### Data to use
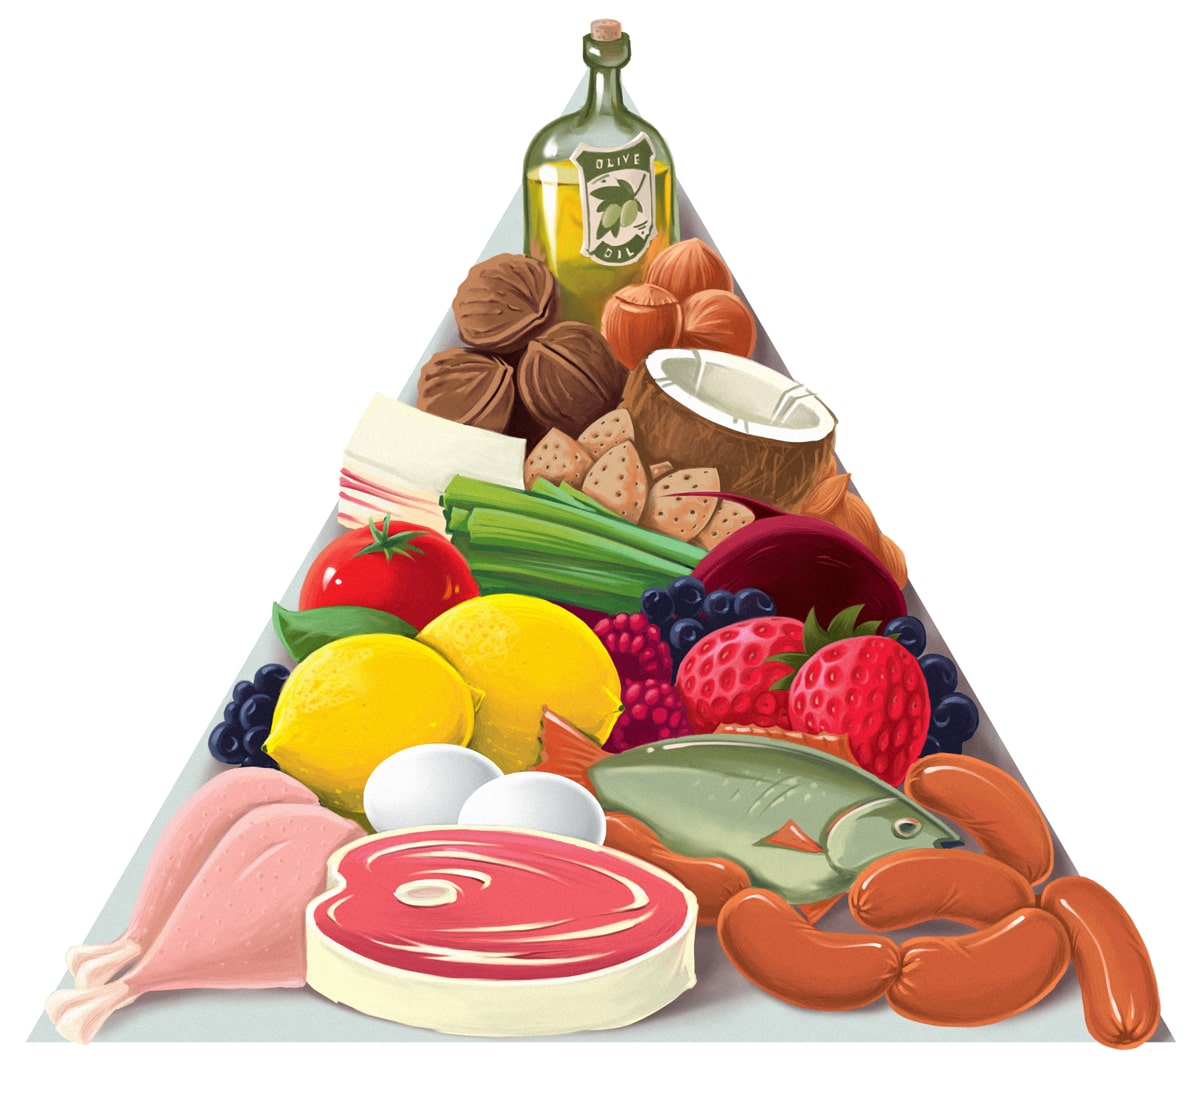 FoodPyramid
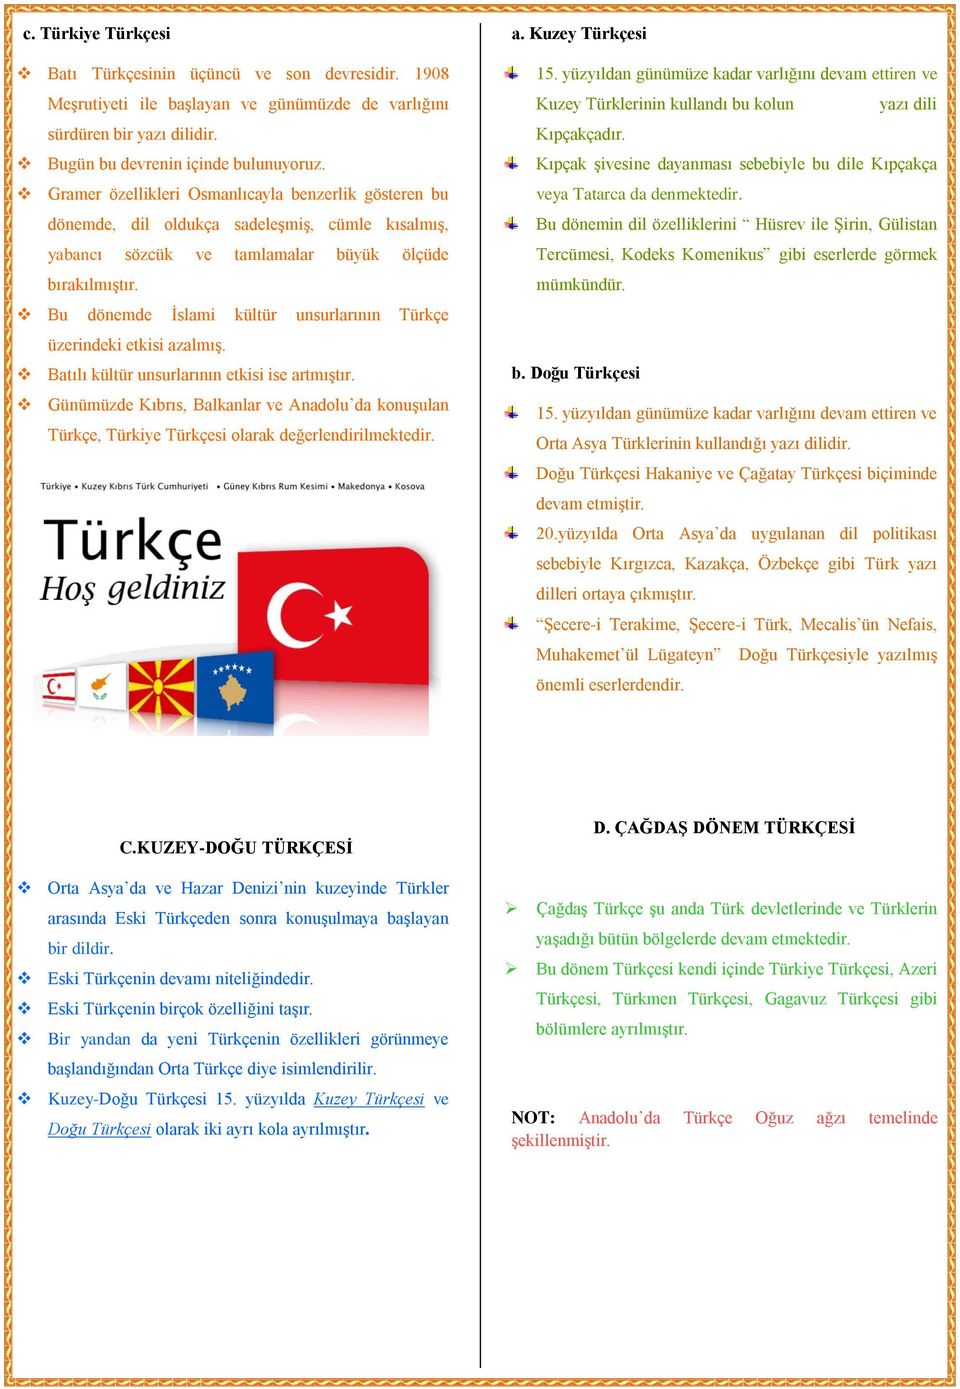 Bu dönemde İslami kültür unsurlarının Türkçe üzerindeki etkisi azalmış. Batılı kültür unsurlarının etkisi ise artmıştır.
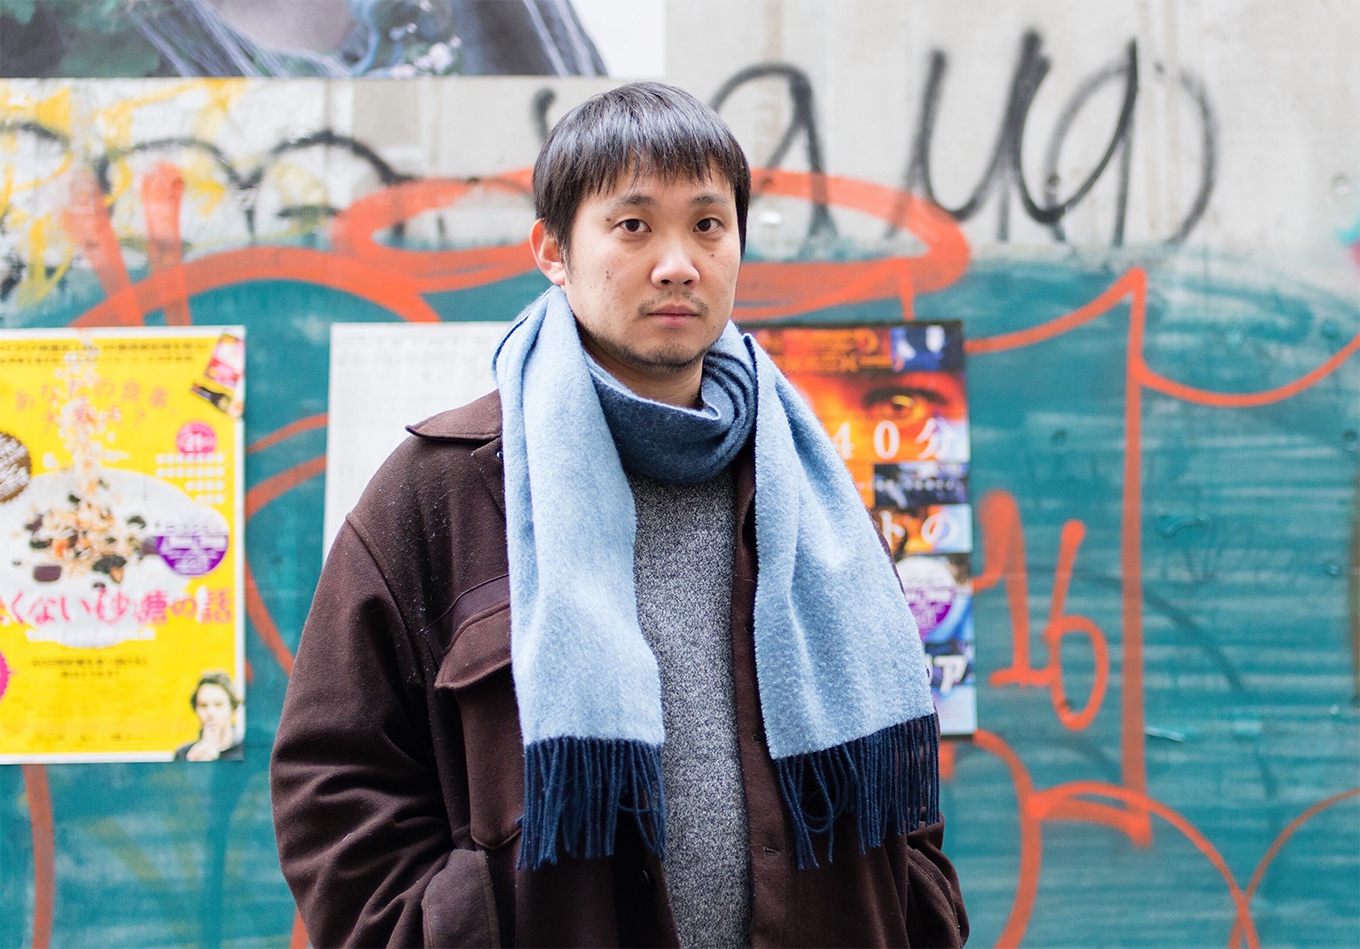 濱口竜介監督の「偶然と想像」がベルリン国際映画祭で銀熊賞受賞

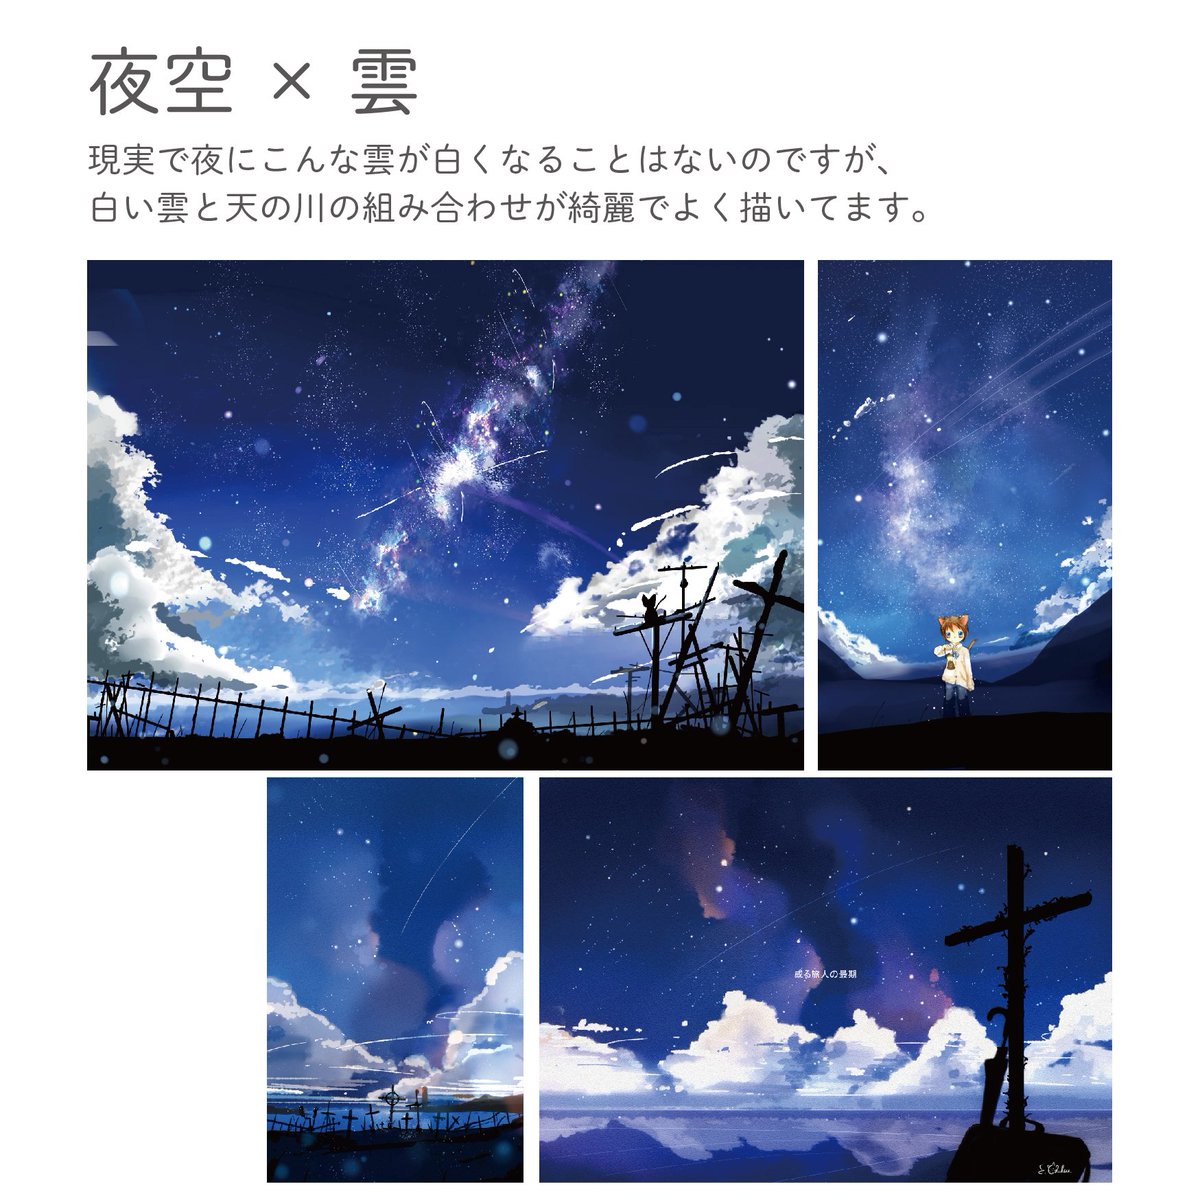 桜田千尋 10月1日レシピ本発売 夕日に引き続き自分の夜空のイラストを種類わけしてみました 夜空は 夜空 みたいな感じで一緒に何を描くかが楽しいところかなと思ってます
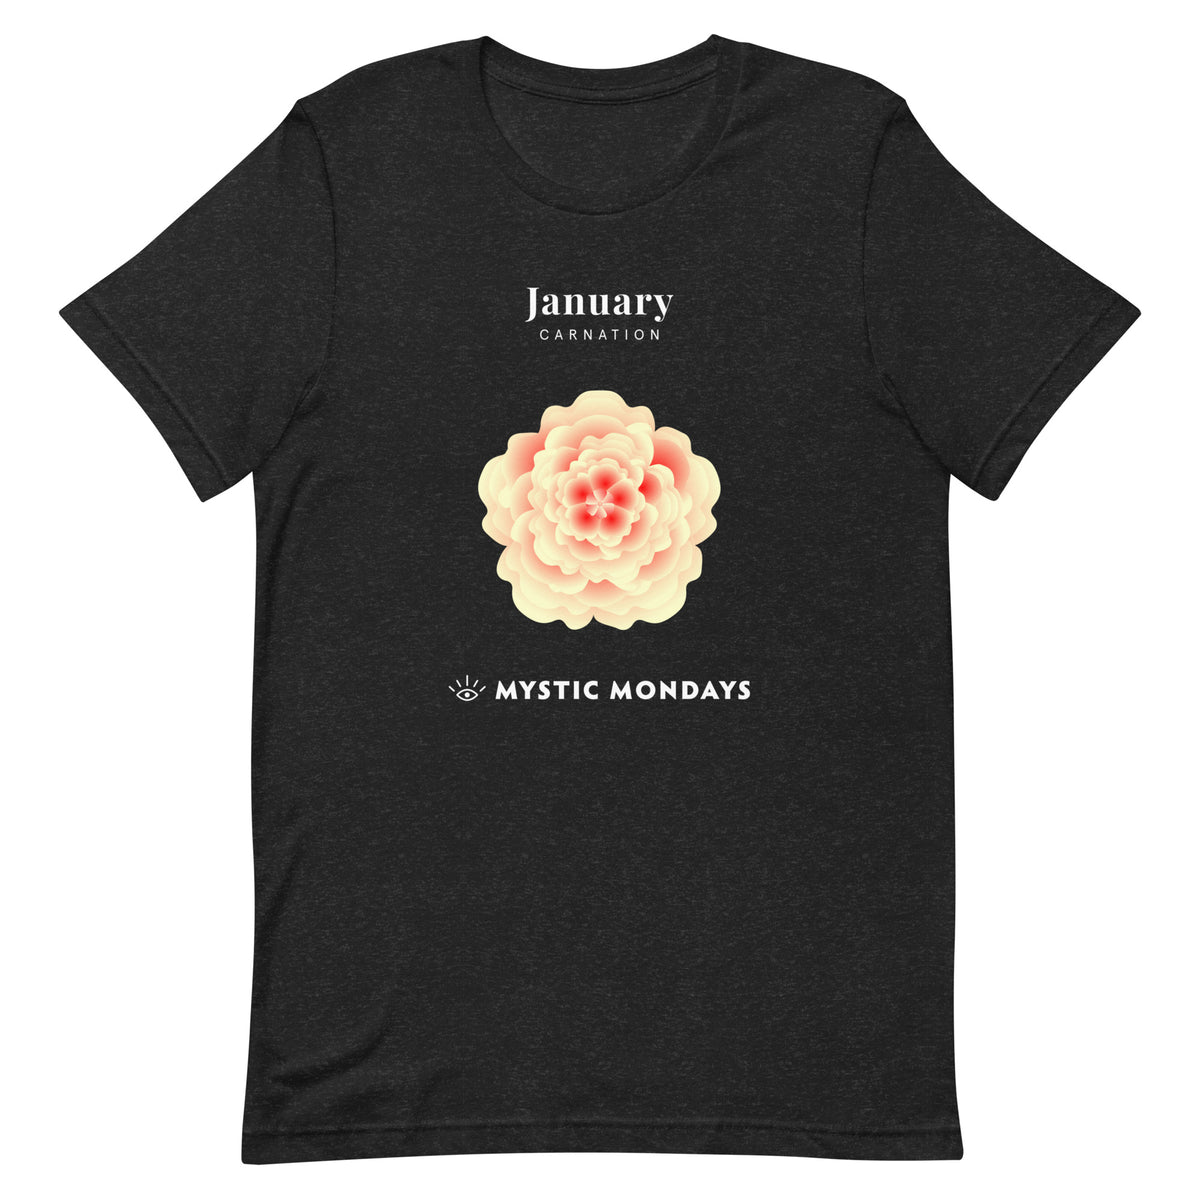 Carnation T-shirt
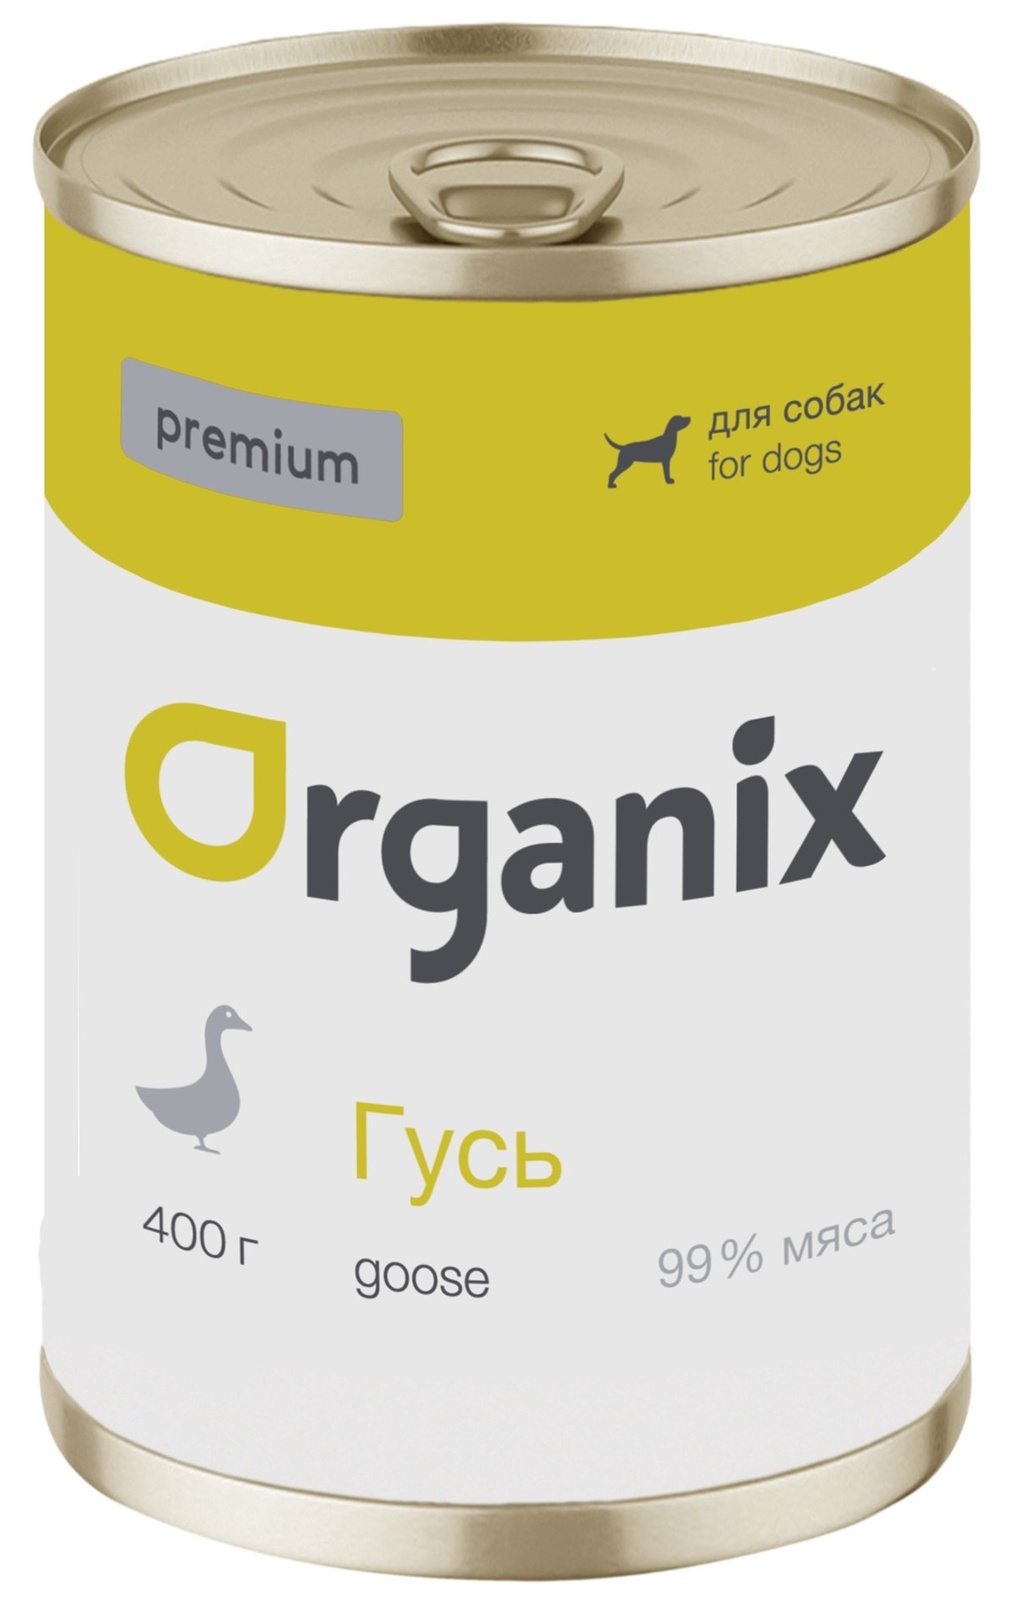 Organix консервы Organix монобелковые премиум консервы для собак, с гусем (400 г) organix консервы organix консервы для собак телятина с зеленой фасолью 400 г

### Your goal
Please copy out the entries above exactly as they appear, but skip their images.

### Response area
 FoodPyramid
 Bu dönemde İslami kültür unsurlarının Türkçe üzerindeki etkisi azalmış. Batılı kültür unsurlarının etkisi ise artmıştır.
 濱口竜介監督の「偶然と想像」がベルリン国際映画祭で銀熊賞受賞

 桜田千尋 10月1日レシピ本発売 夕日に引き続き自分の夜空のイラストを種類わけしてみました 夜空は 夜空 みたいな感じで一緒に何を描くかが楽しいところかなと思ってます
 Carnation T-shirt
 Organix консервы Organix монобелковые премиум консервы для собак, с гусем (400 г) organix консервы organix консервы для собак телятина с зеленой фасолью 400 г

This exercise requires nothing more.